Herzogpark is a quiet, secretive and highly exclusive residential area north of Alt-Bogenhausen, enclosed between the river Isar to the west and the Isarhochufer (lit. Isar cliff line). It is considered the most expensive and classy of Munich's numerous upscale residential districts, being the preferred living environment of the more reclusive commercial and political elite of the city (in contrast to film and sports stars, who either prefer the more urban districts of the inner city or the suburb of Grünwald). The whole area lies hidden between lush vegetation at the foot of the Isarhochufer, making it practically invisible from the outside - even from surrounding vantage points. The housing mostly consists of early-20th century villas as well as modern villas, built after World War II. While most of the district is free of car traffic, the Isarring highway, part of the Mittlerer Ring road system, divides the district into a northern and a southern part, leading to complaints by neighbours due to extensive car noise. The district is serviced by the bus line 187.
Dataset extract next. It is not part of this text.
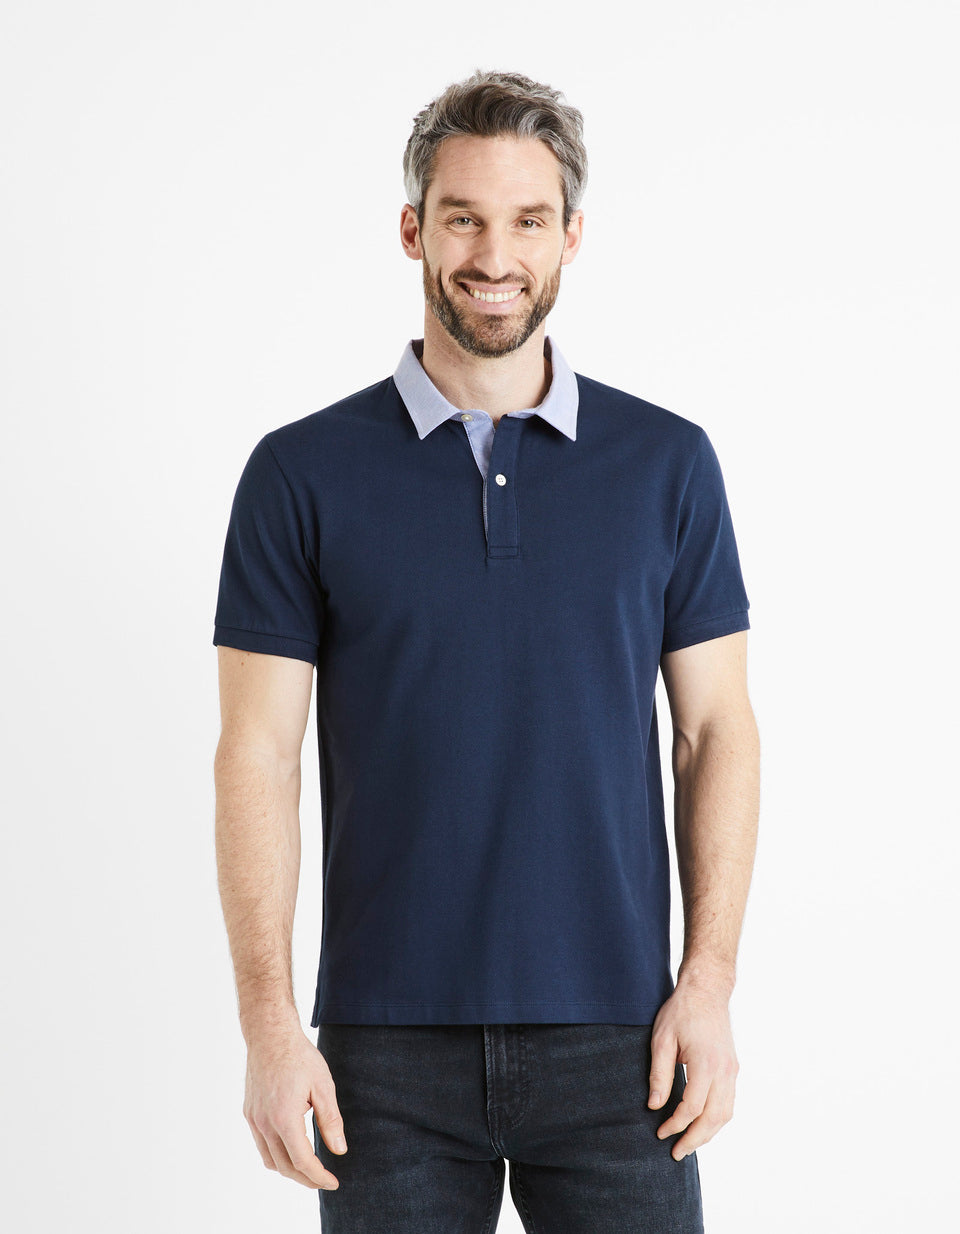 Pique Polo Shirt Collar 100% Cotton - Navy - 01

=== Priel, Oberföhring and St. Emmeram ===

Priel and Oberföhring are two residential quarters north of Alt-Bogenhausen and up the slope from Herzogpark, straddling Oberföhringer Straße, the districts' main traffic artery. The housing mostly consists of apartment buildings, affording a great view across the city. Oberföhring became part of Munich on 1 July 1913.
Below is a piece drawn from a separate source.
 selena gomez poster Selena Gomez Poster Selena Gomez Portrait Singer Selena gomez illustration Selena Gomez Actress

St. Emmeram is located on the river Isar and is a lush enclave of green. It is named after the St. Emmeram Chapel, which in turn is named after Otloh of St. Emmeram.

=== Johanneskirchen ===
Johanneskirchen is located east of the S8 train line. The district mostly consists of detached and semi-detached houses and has retained some of its rural character. It is serviced by the at the Johanneskirchen S-Bahn station.

=== Other quarters ===
The Bogenhausen borough also includes Arabellapark, Cosimapark, and Johanneskirchen to the north and north-east, as well as Englschalking, Denning, Zamdorf and Daglfing to the east. Especially Denning and Englschalking have developed into very idyllic and affluent suburban residential districts, making them extremely popular with well-off families who increasingly build new houses and villas there. Parts of Englschalking and almost the whole of Daglfing (which lies just outside Munich's official city limits, bordering Denning and Zamdorf), have retained a distinctive rural character, still featuring old farm buildings and fields. The contrast between these rural and the more modern suburban areas becomes apparent as soon as one crosses the Munich S-Bahn rails of Line , which practically coincides with Munich's eastern border in this area.
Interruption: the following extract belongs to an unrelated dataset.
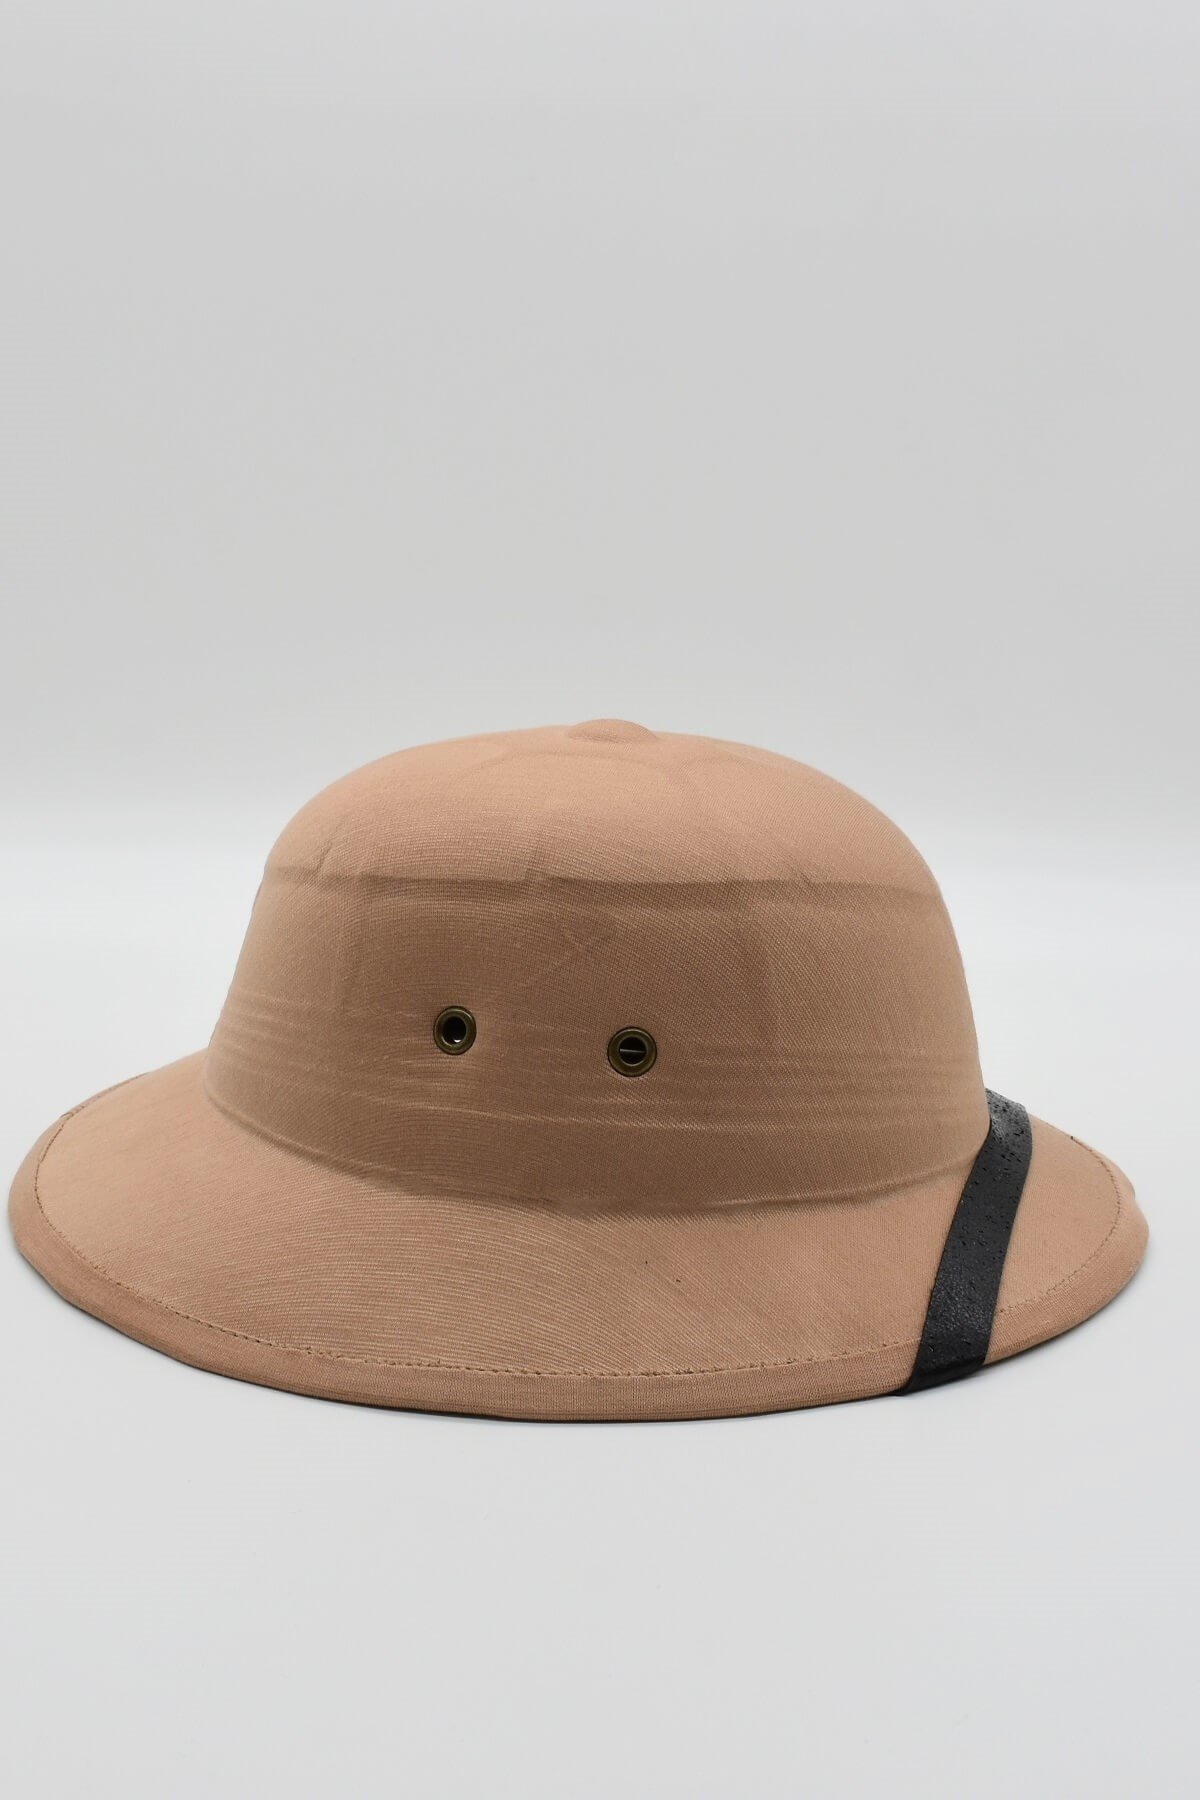 Külah Mantar Safari Erkek Toquilla Kask Outdoor Güneş Şapkası KLH0566

The other parts of the Stadtbezirk are a relatively newly developed mixture of commercial and residential areas. Even Arabellapark, which became Munich's first true cluster of high-rise buildings in the 80's, and Cosimapark, a post-World War II housing estate, were predominantly green fields until the 60's, but have been rapidly developed since then. You can find a mixture of offices, restaurants, shops, sports facilities and schools there, alternating with typical German apartment buildings from the 60's and 70's right up to newly built offerings, older and newer detached and semi-detached houses, villas, and quite a few authentic farm houses that survived modern developments. Additionally, multitudes of parks and playgrounds dot the whole area.